I also see this in the database itself, there are WAL files there:

pb/data.db
pb/logs.db
pb/data.db-shm
pb/data.db-wal
pb/logs.db-wal
pb/storage

Discussed in #563

Originally posted by xrd February 1, 2024
Is this a bug or am I misunderstanding the -timestamp switch?

I have a database stored on s3 (actually minio, but it works).

Restore works and I see items in the database on 1-29-2024 and 1-31-2024.

But, when I re-run the restore command adding the -timestamp 2024-01-30T18:00:00Z switch, litestream complains with no matching backups found.

(Also, just an aside, but if I look at the files stored inside s3 (minio), I only see a 10MB file and then a 119 byte WAL file.
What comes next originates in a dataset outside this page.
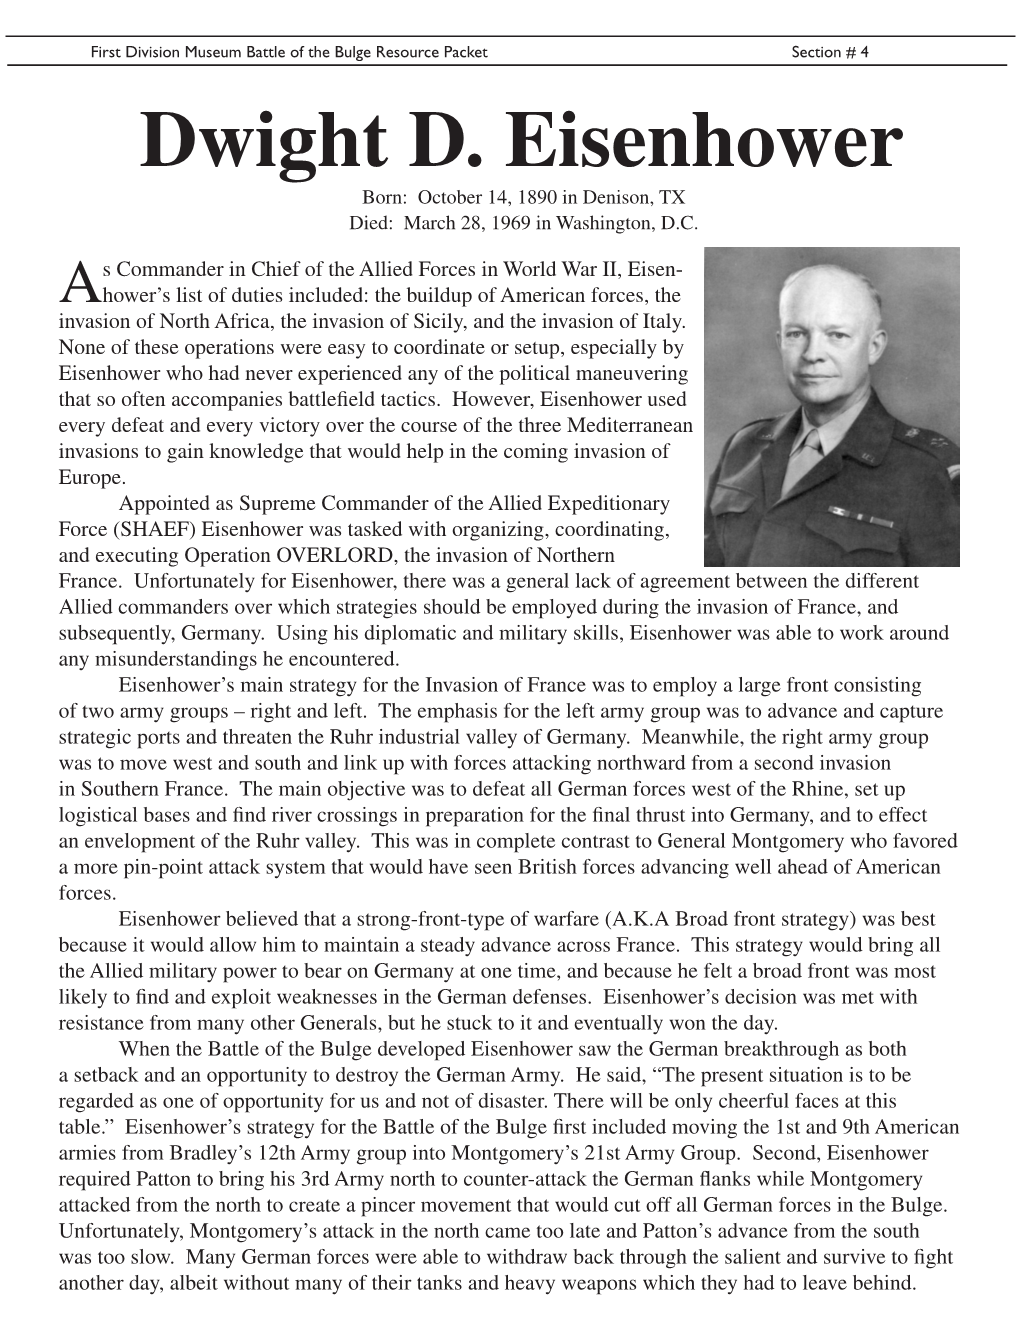 Dwight D. Eisenhower Born: October 14, 1890 in Denison, TX Died: March 28, 1969 in Washington, D.C

I'm wondering if I am not looking at all the files, because how can that expand to 369MB when the db file is restored?)

chrisdawson@nixos:~/litestream-tmp$ cat event.yml 
dbs:
  - path: blah.db
    replicas:
      - url: s3://xxx/xxx
        endpoint: https://examplecom
        access-key-id: xxx
        secret-access-key: xxx

chrisdawson@nixos:~/litestream-tmp$ ./litestream restore -config event.yml ./blah.db
time=2024-02-01T12:28:58.343-05:00 level=INFO msg="restoring snapshot" db=/home/chrisdawson/litestream-tmp/blah.db replica=s3 generation=b5f5868887f877ae index=1594 path=/home/chrisdawson/litestream-tmp/blah.db.tmp
time=2024-02-01T12:29:00.183-05:00 level=INFO msg="restoring wal files" db=/home/chrisdawson/litestream-tmp/blah.db replica=s3 generation=b5f5868887f877ae index_min=1594 index_max=1594
time=2024-02-01T12:29:00.266-05:00 level=INFO msg="downloaded wal" db=/home/chrisdawson/litestream-tmp/blah.db replica=s3 generation=b5f5868887f877ae index=1594 elapsed=83.115207ms
time=2024-02-01T12:29:00.278-05:00 level=INFO msg="applied wal" db=/home/chrisdawson/litestream-tmp/blah.db replica=s3 generation=b5f5868887f877ae index=1594 elapsed=11.732843ms
time=2024-02-01T12:29:00.278-05:00 level=INFO msg="renaming database from temporary location" db=/home/chrisdawson/litestream-tmp/blah.db replica=s3
chrisdawson@nixos:~/litestream-tmp$ ls -lah blah.db 
-rw------- 1 chrisdawson users 369M Feb  1 12:29 blah.db
chrisdawson@nixos:~/litestream-tmp$ rlwrap sqlite3 ./blah.db 'select created from logs order by created desc limit 1'
2024-01-31 16:25:36.484Z
chrisdawson@nixos:~/litestream-tmp$ rlwrap sqlite3 ./blah.db 'select created from logs order by created asc limit 1'
2024-01-29 00:11:06.279Z
chrisdawson@nixos:~/litestream-tmp$ mv blah.db old.db
chrisdawson@nixos:~/litestream-tmp$ ./litestream restore -timestamp 2024-01-30T18:00:00Z -config event.yml ./blah.db
time=2024-02-01T12:29:44.983-05:00 level=ERROR msg="failed to run" error="no matching backups found"

wallflower-wal
wallflower

xrd commented

I rebooted the litestream process and now see a bunch of files inside the WAL directory. I assume this means litestream was not running correctly (though to be honest this is confusing because I didn't reconfigure it before rebooting). This is probably why I got the message "no matching backups" because there were not WAL files to recover from at that date.